**What is required:** Below are records to return verbatim; the pictures are to be dropped.
----------
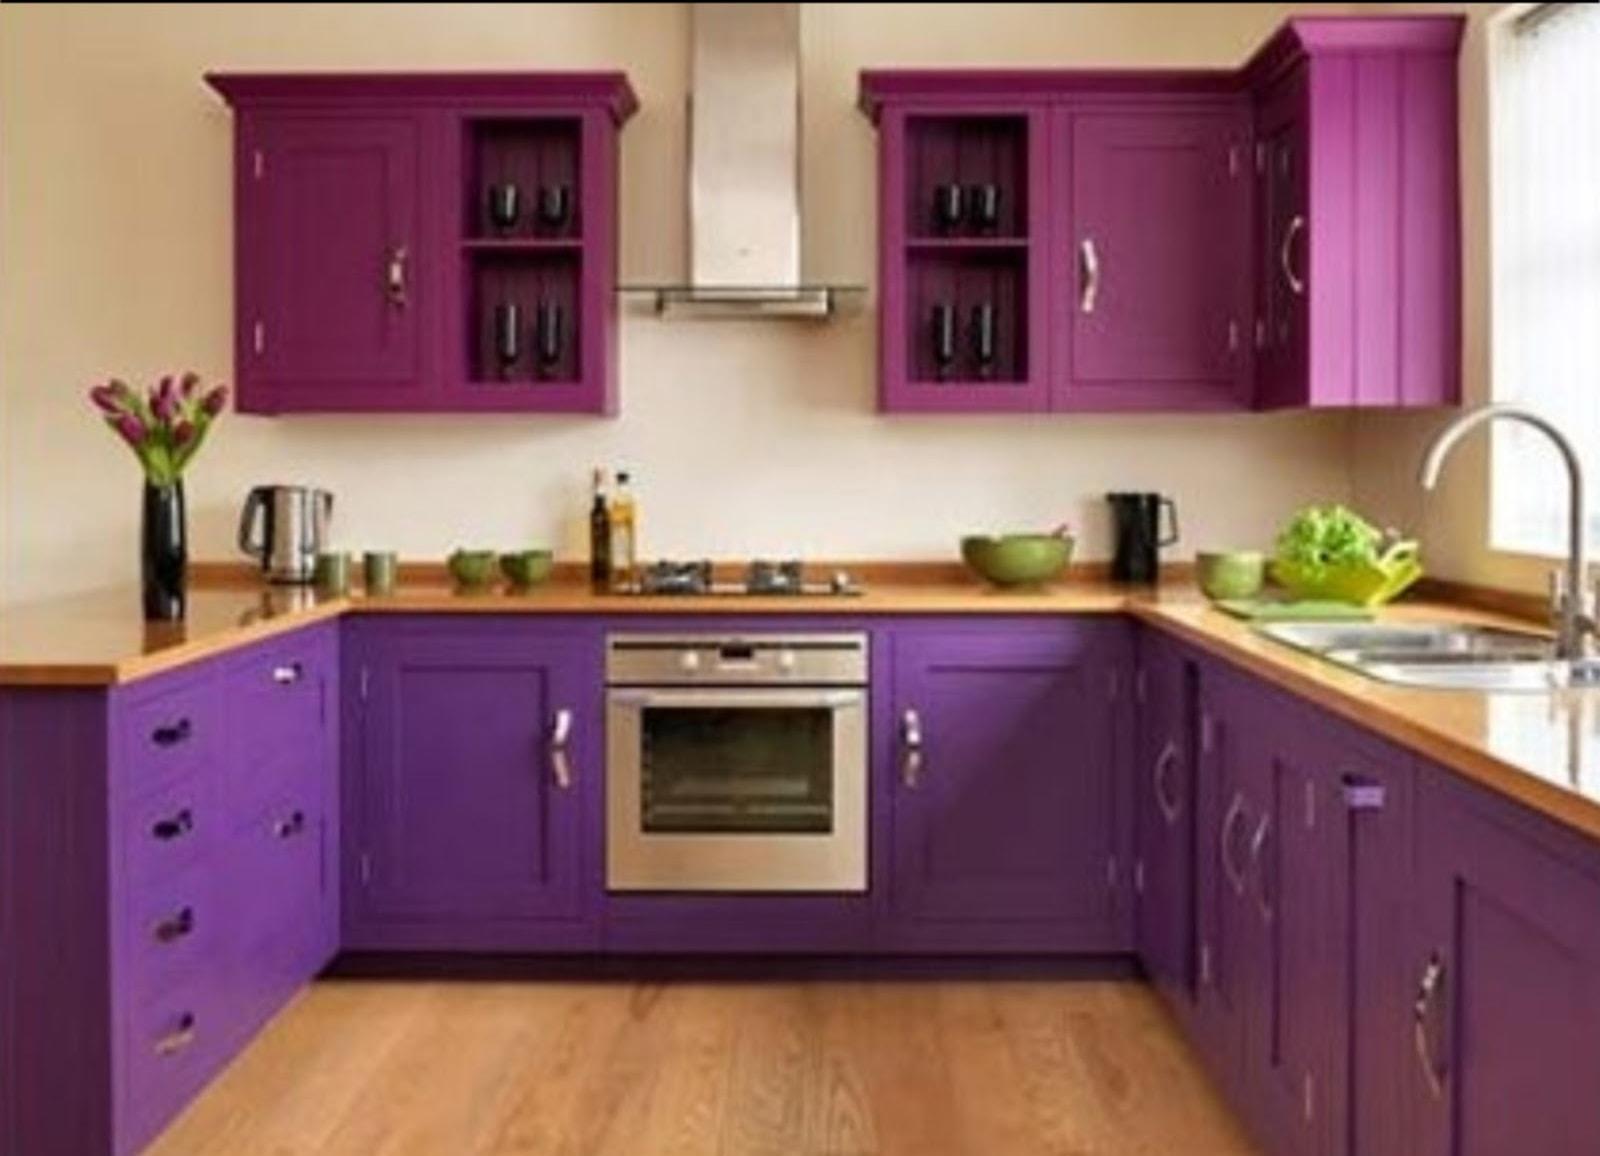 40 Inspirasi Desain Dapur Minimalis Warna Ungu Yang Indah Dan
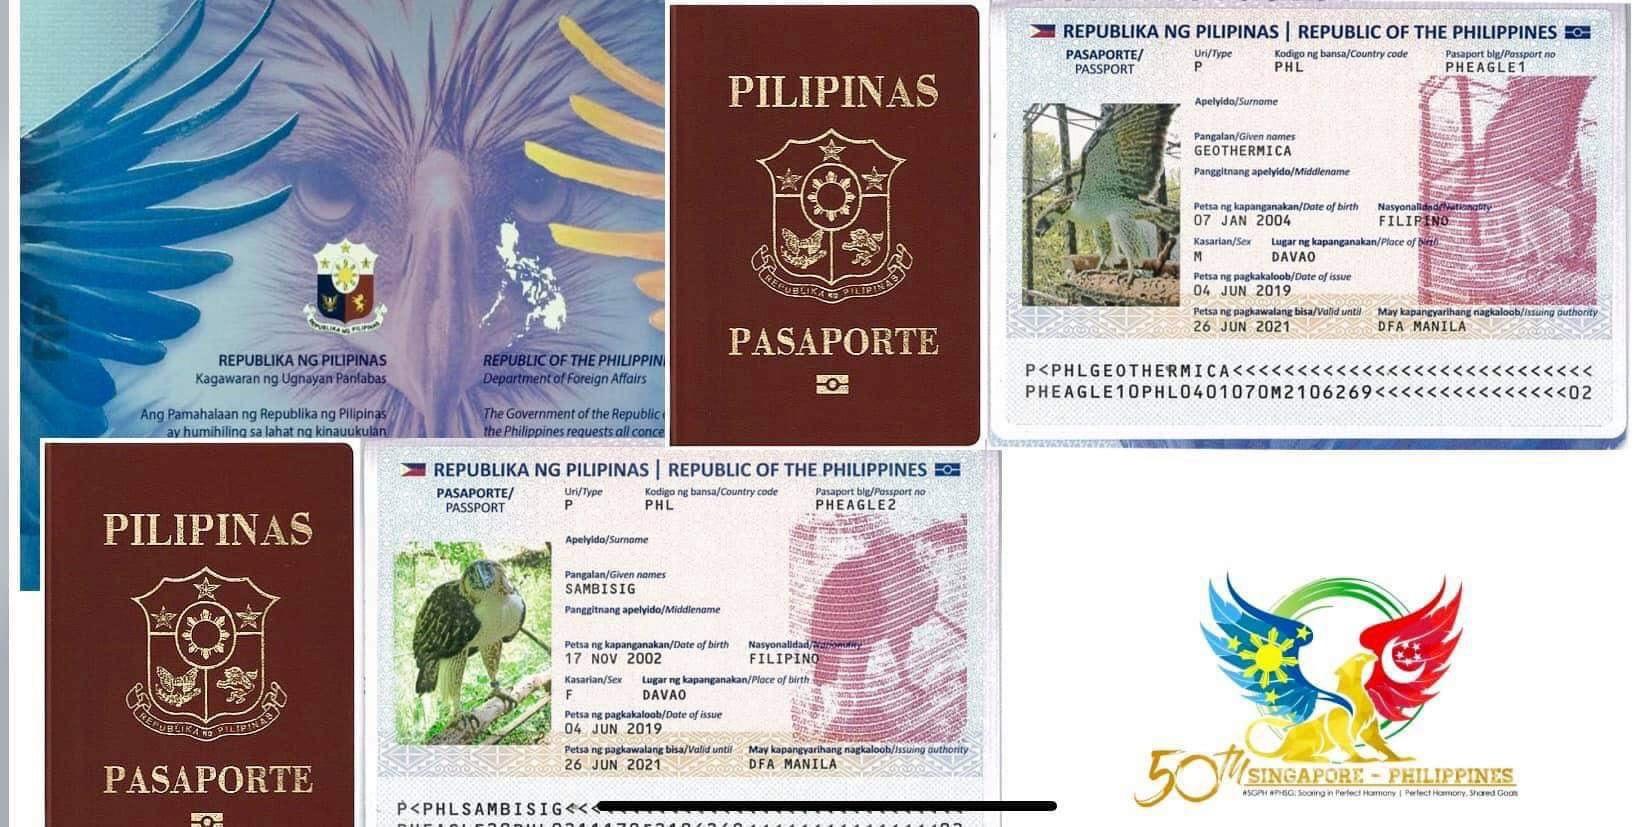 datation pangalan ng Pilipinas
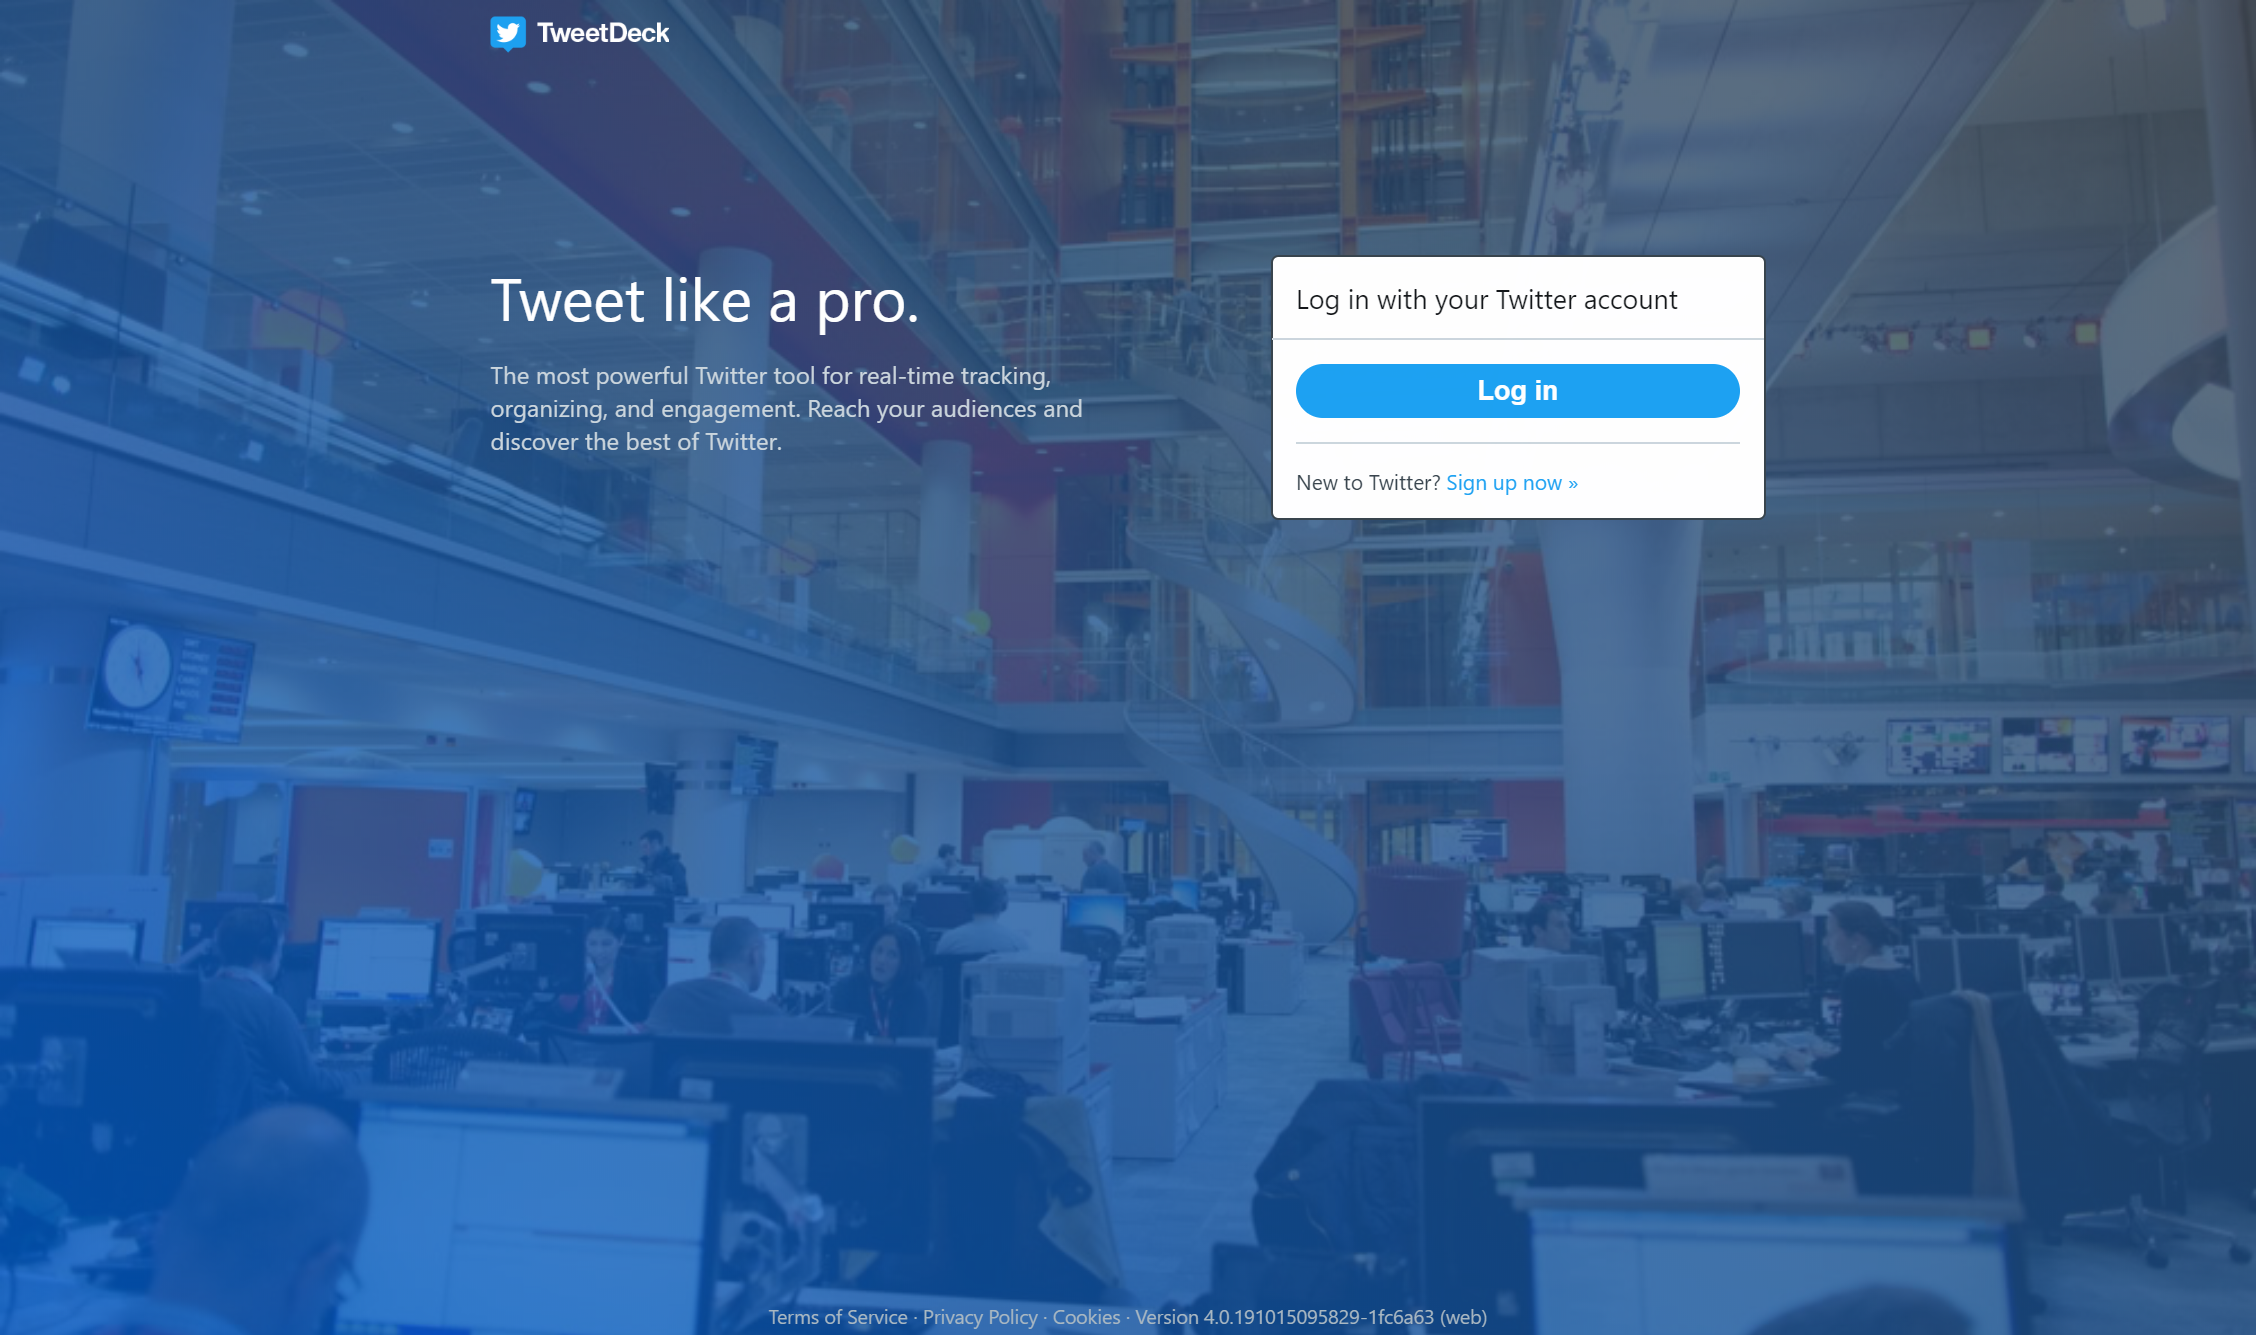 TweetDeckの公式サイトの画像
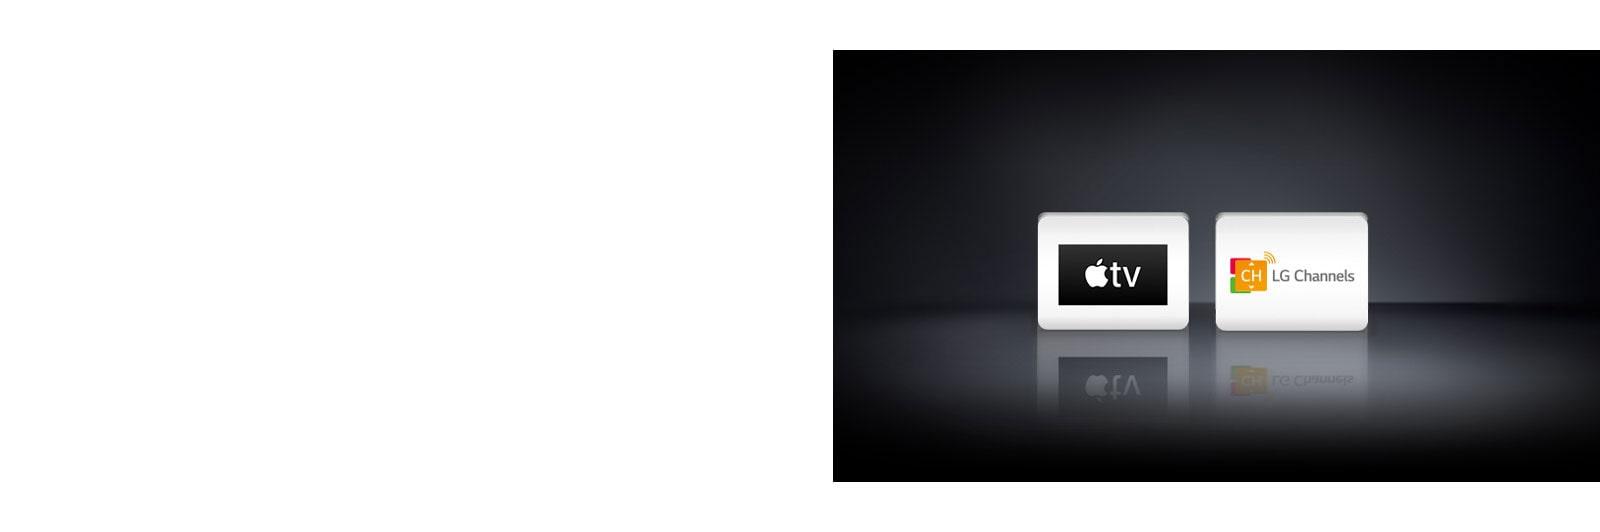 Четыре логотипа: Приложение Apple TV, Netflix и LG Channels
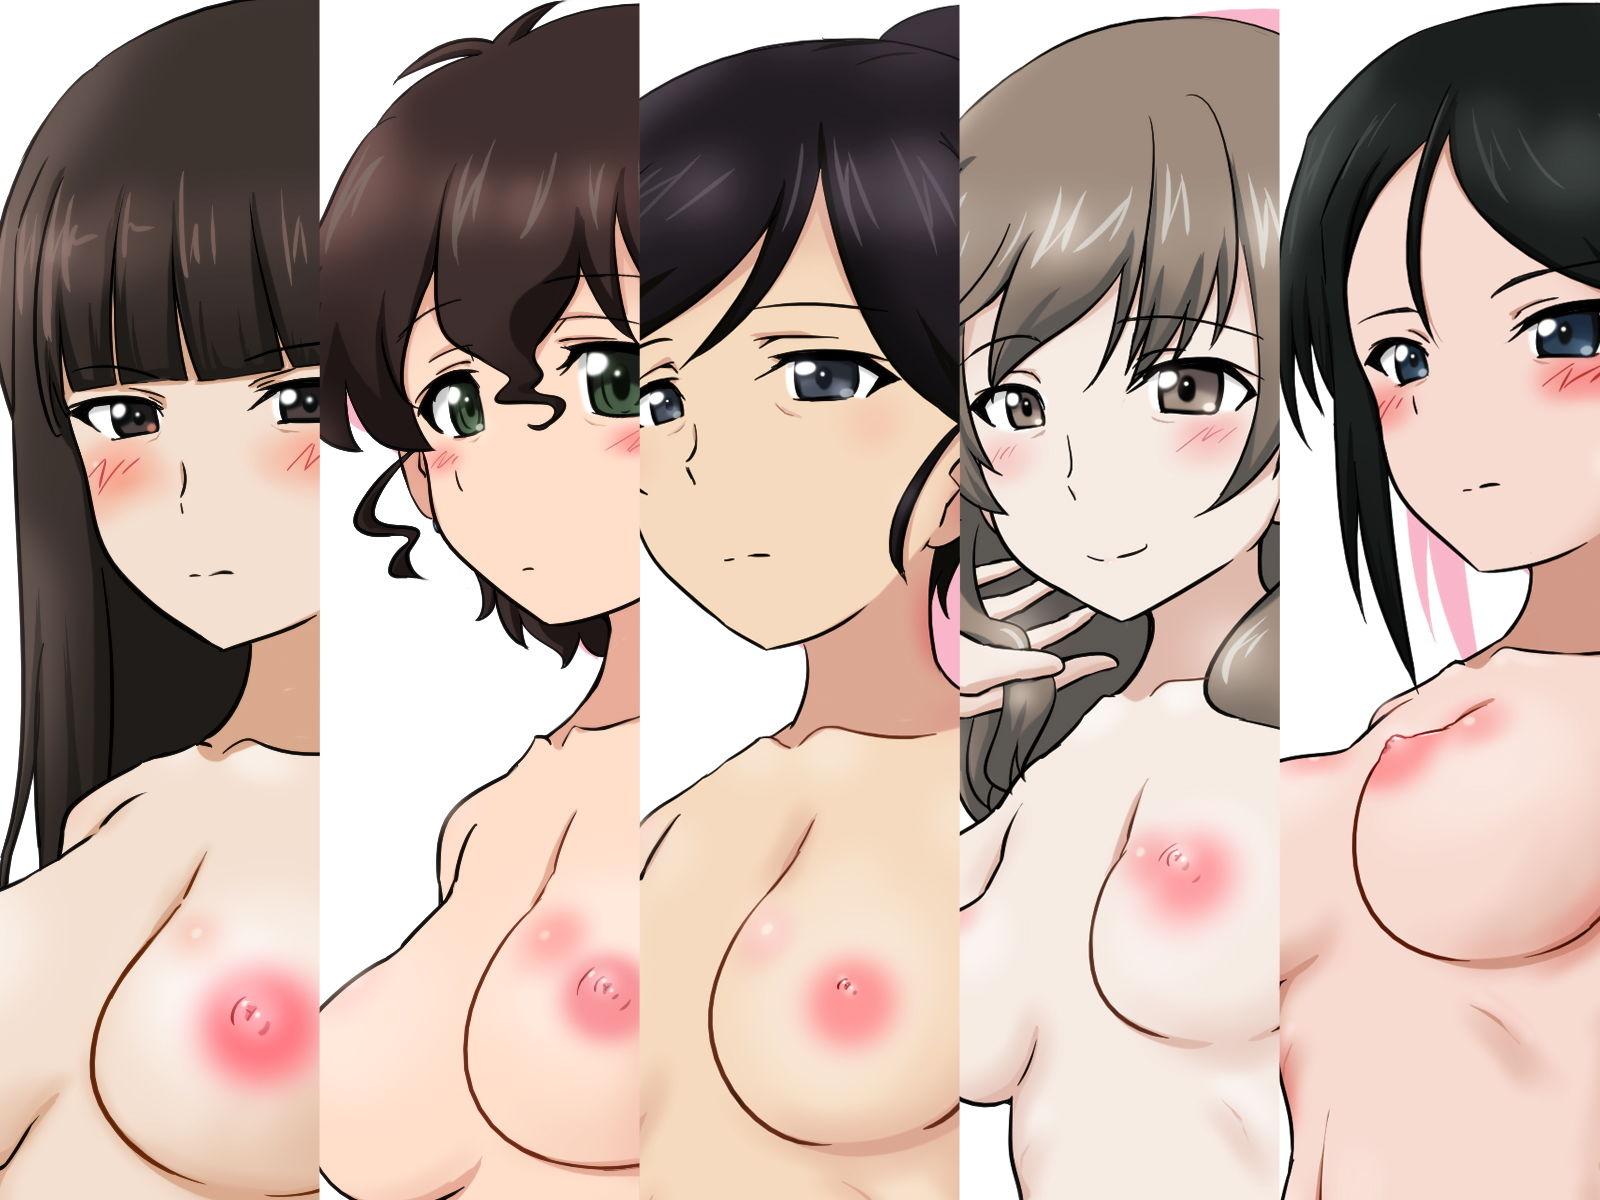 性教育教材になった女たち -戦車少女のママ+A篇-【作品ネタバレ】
----------
**Solution:**
 40 Inspirasi Desain Dapur Minimalis Warna Ungu Yang Indah Dan
 datation pangalan ng Pilipinas
 TweetDeckの公式サイトの画像
 Четыре логотипа: Приложение Apple TV, Netflix и LG Channels
 性教育教材になった女たち -戦車少女のママ+A篇-【作品ネタバレ】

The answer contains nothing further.